◆ EXERCISE: Please copy the listing that follows exactly, leaving out any pictures.

[DATASET CONTENT Boundary: Start]

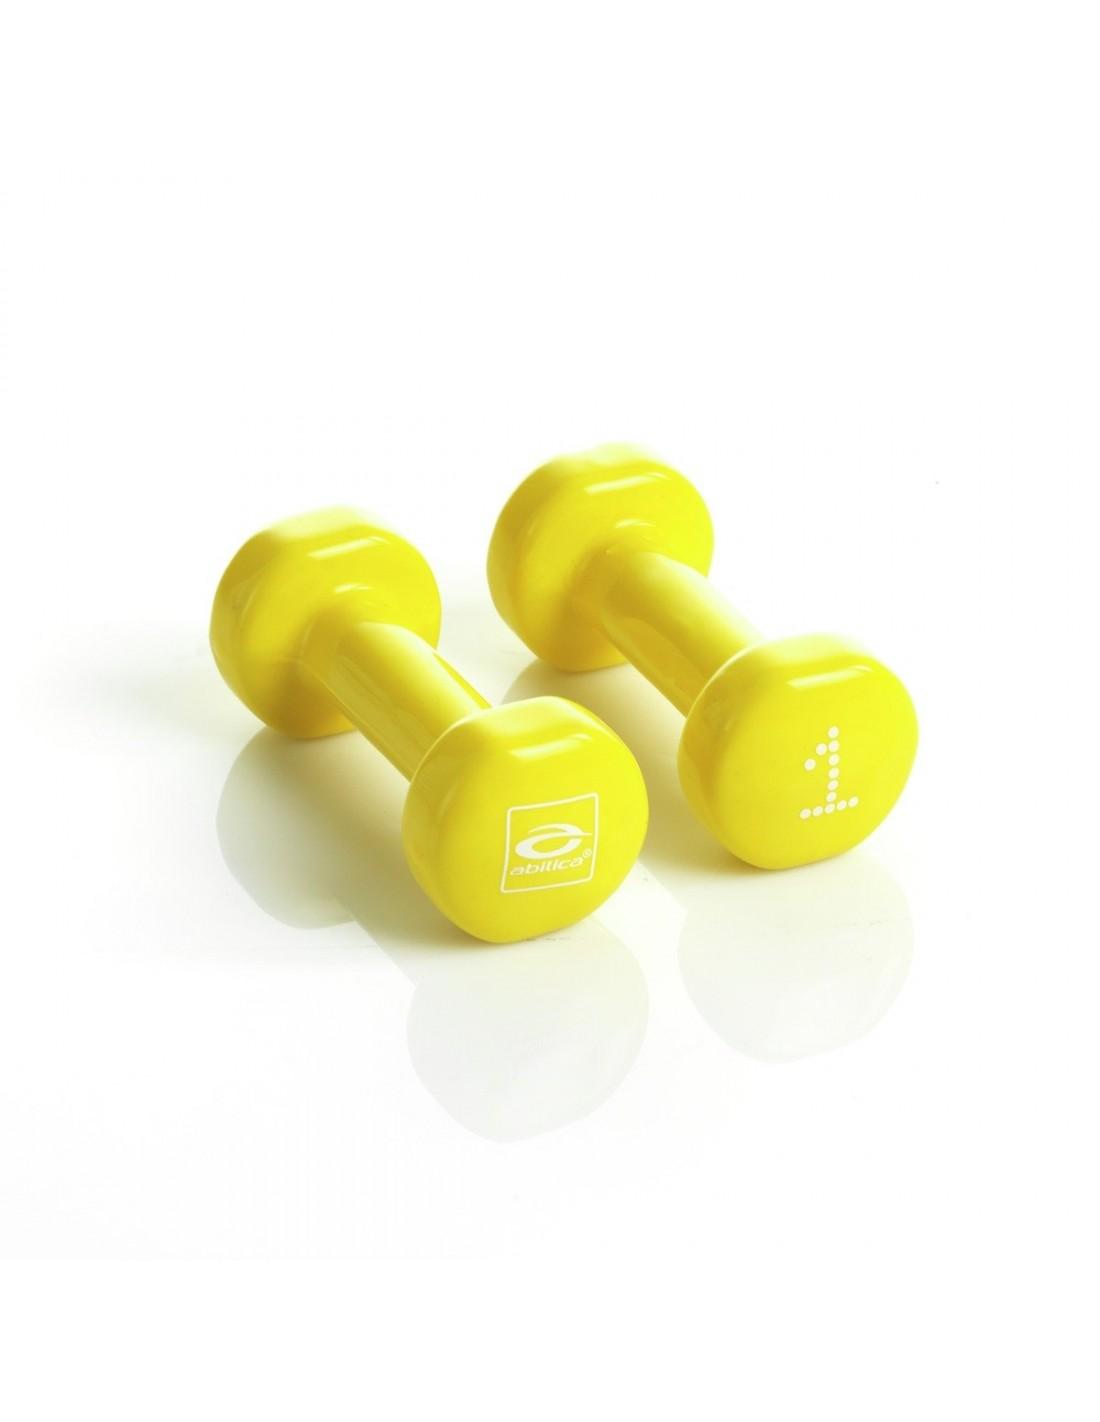 Abilica DumbBells 1kg 1 Yellow
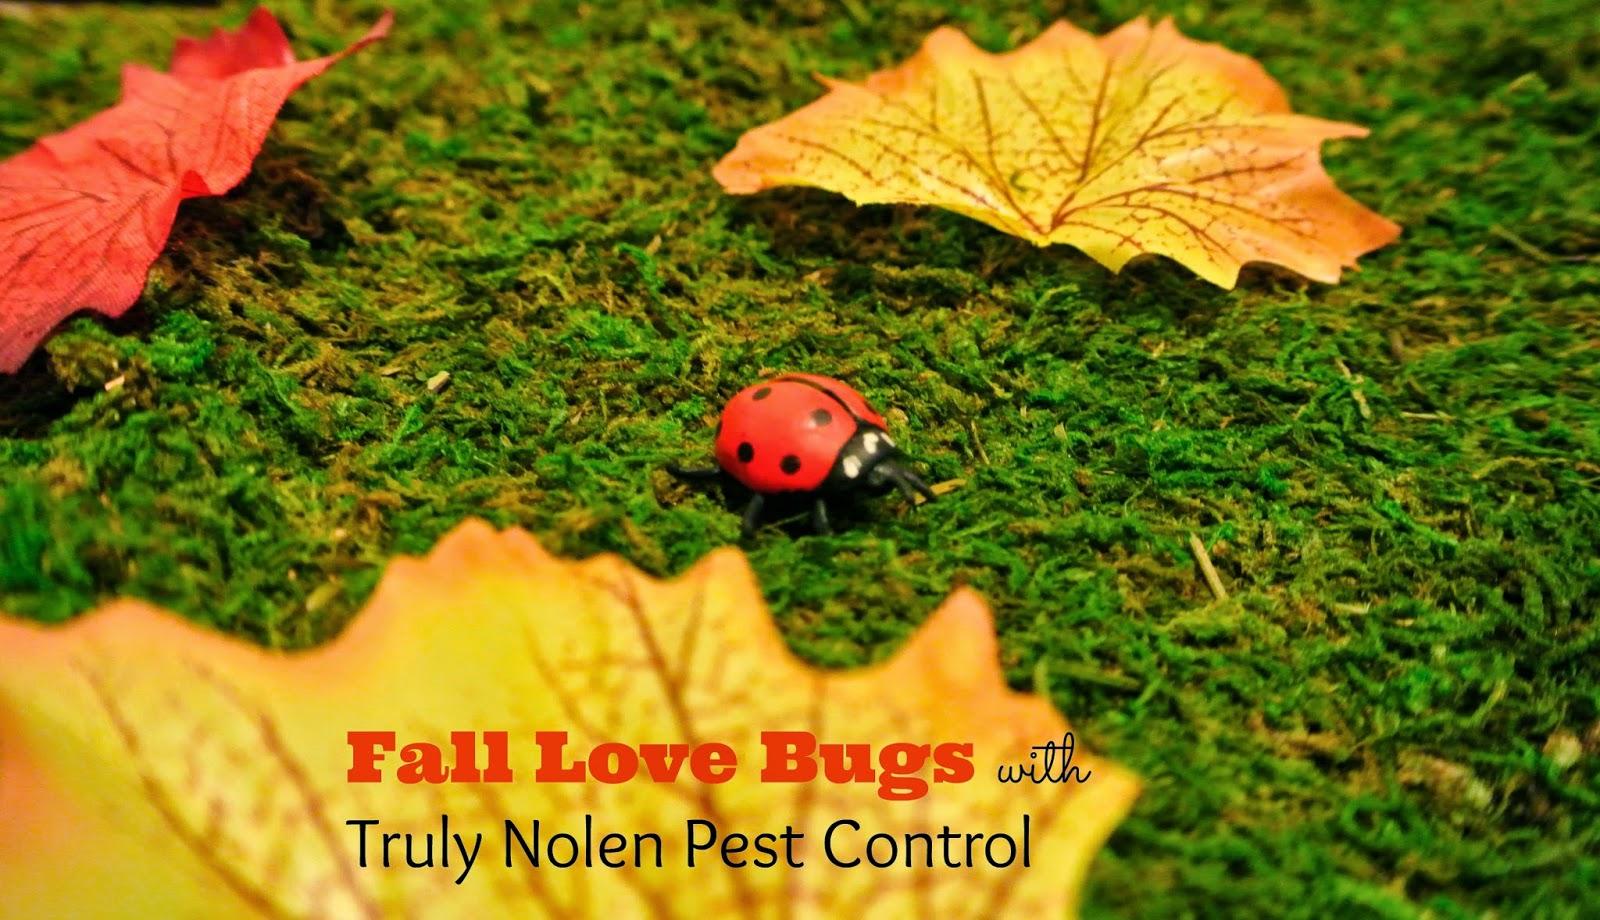 Gardening, Fall Plants, Pests in Gardens
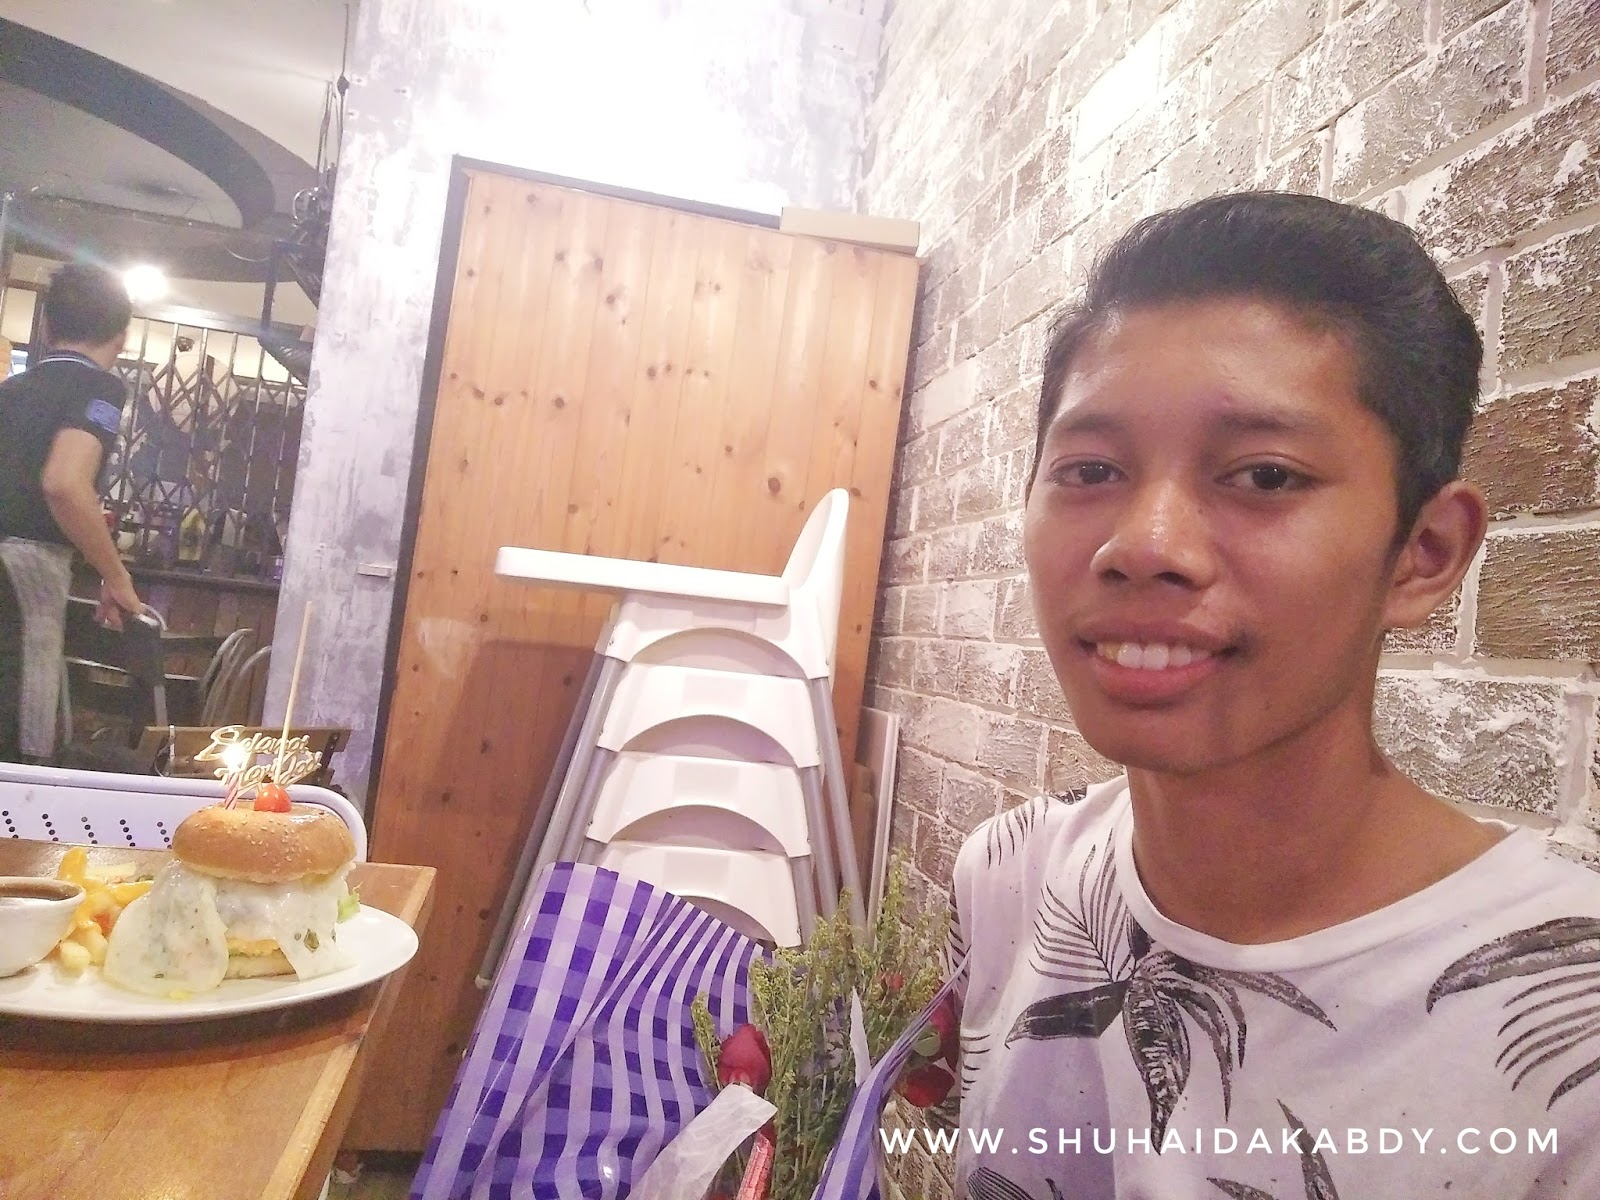 Sambutan Harijadi Abang di Washout Laundry & Cafe
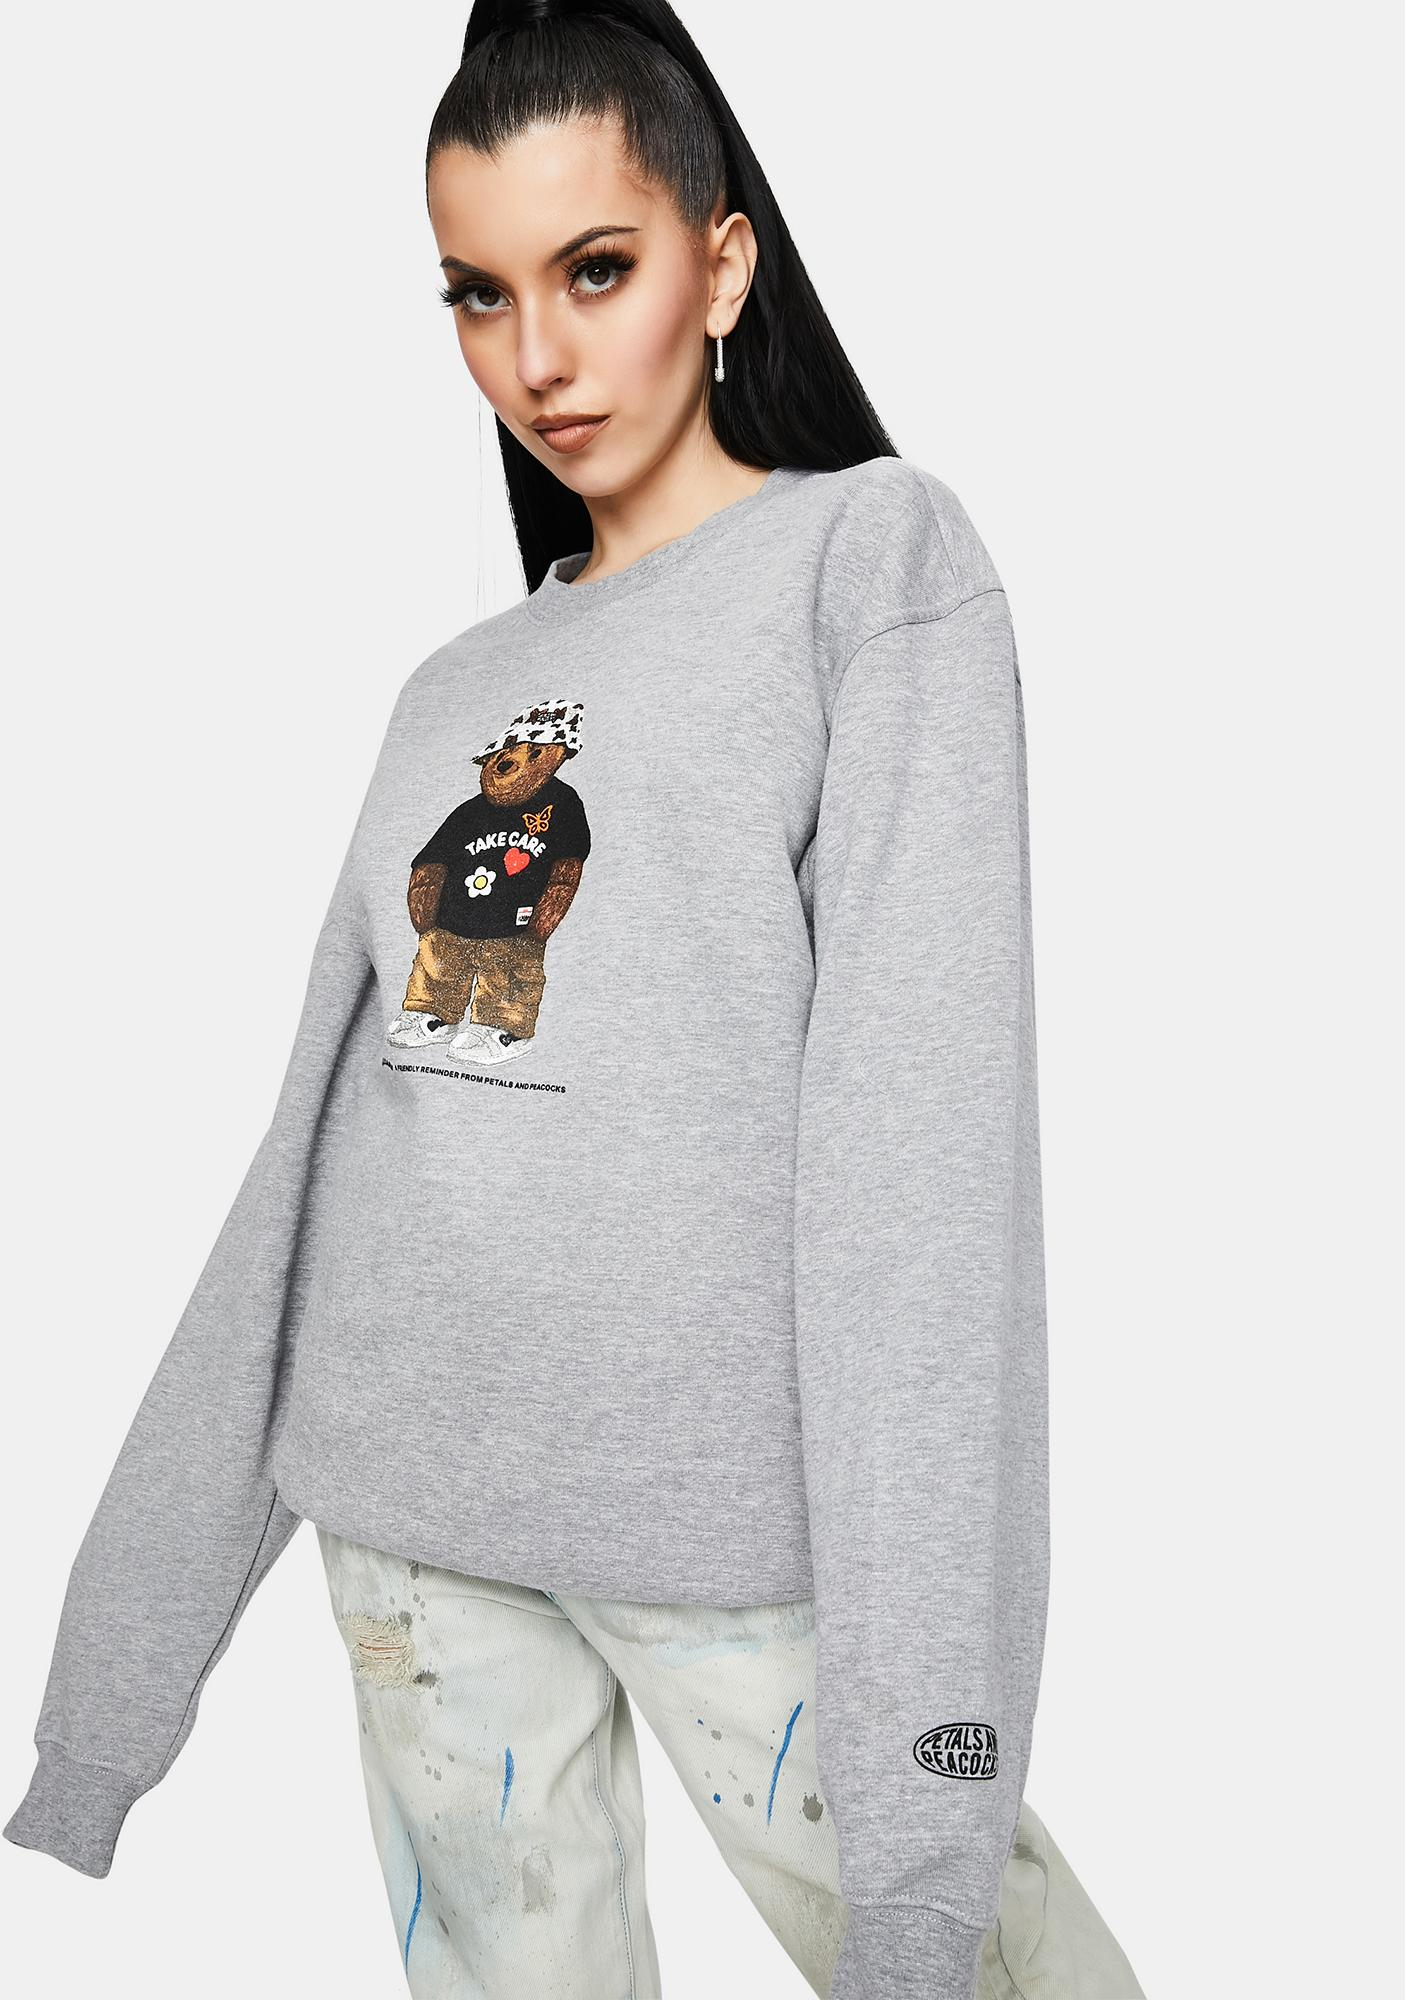 Petals and Peacocks Take Care Bear Graphic Sweatshirt

[DATASET CONTENT Boundary: End]

◆ TASK ANSWER:
 Abilica DumbBells 1kg 1 Yellow
 Gardening, Fall Plants, Pests in Gardens
 Sambutan Harijadi Abang di Washout Laundry & Cafe
 Petals and Peacocks Take Care Bear Graphic Sweatshirt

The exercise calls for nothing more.